Dari ketiga definisi di atas, saya bisa mengambil benang merahnya: word vomit adalah menulis (atau mungkin berbicara) tanpa banyak pertimbangan.
Tuliskan (atau mungkin ucapkan) saja dulu, dan pikirkan maksud, struktur, diksi, dan lain sebagainya belakangan.
Saya berterima kasih kepada Mbak Elsa karena sudah memperkenalkan saya pada istilah ini, dan saya langsung mempraktikkannya kemarin ketika merasa buntu saat harus menulis sesuatu yang saya tidak kuasai sama sekali.

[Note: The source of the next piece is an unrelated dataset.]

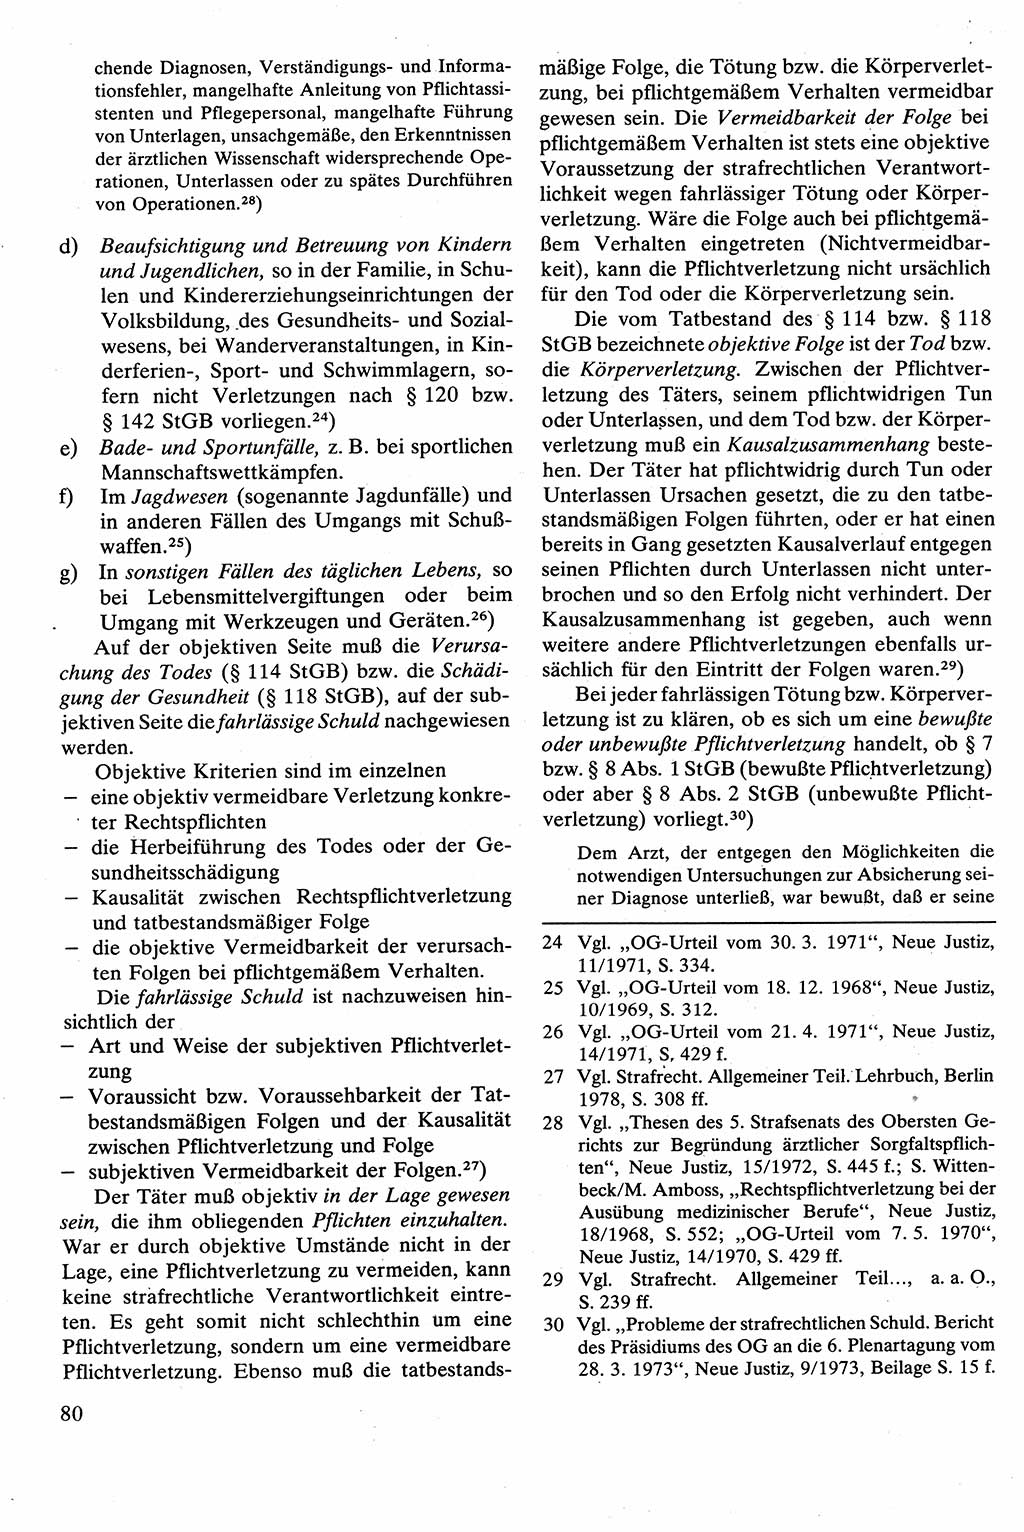 Strafrecht [Deutsche Demokratische Republik (DDR)], Besonderer Teil, Lehrbuch 1981, Seite 80 (Strafr. DDR BT Lb. 1981, S. 80)

Tidak menguasai tidak berarti tidak tahu sama sekali, bukan? Itu yang saya katakan kepada diri saya sendiri.
Jadi, saya tulis satu per satu hal yang saya ketahui, lalu saya buat korelasinya. Dari tiga poin bisa menjadi sembilan poin karena setiap poin saya pecah lagi menjadi tiga subpoin. Dari setiap subpoin saya bisa menulis satu sampai dua paragraf. Voila, tulisan yang padat informasi (walaupun saya bukan ahli di bidang yang saya tulis) akhirnya jadi juga dan cukup untuk memberikan pengantar kepada mereka yang mau mendalami bidang itu lebih lanjut.
Sebagai kesimpulan dari tulisan ini, saat merasa tidak bisa menulis, tetaplah menulis. Tidak tahu harus menulis apa? Gali sumber-sumber ide berupa bacaan, tontonan, obrolan, dan lain sebagainya. Tidak tahu harus menulis dari mana? Coba pakai teknik word vomit.
Selamat mencoba dan semoga berhasil.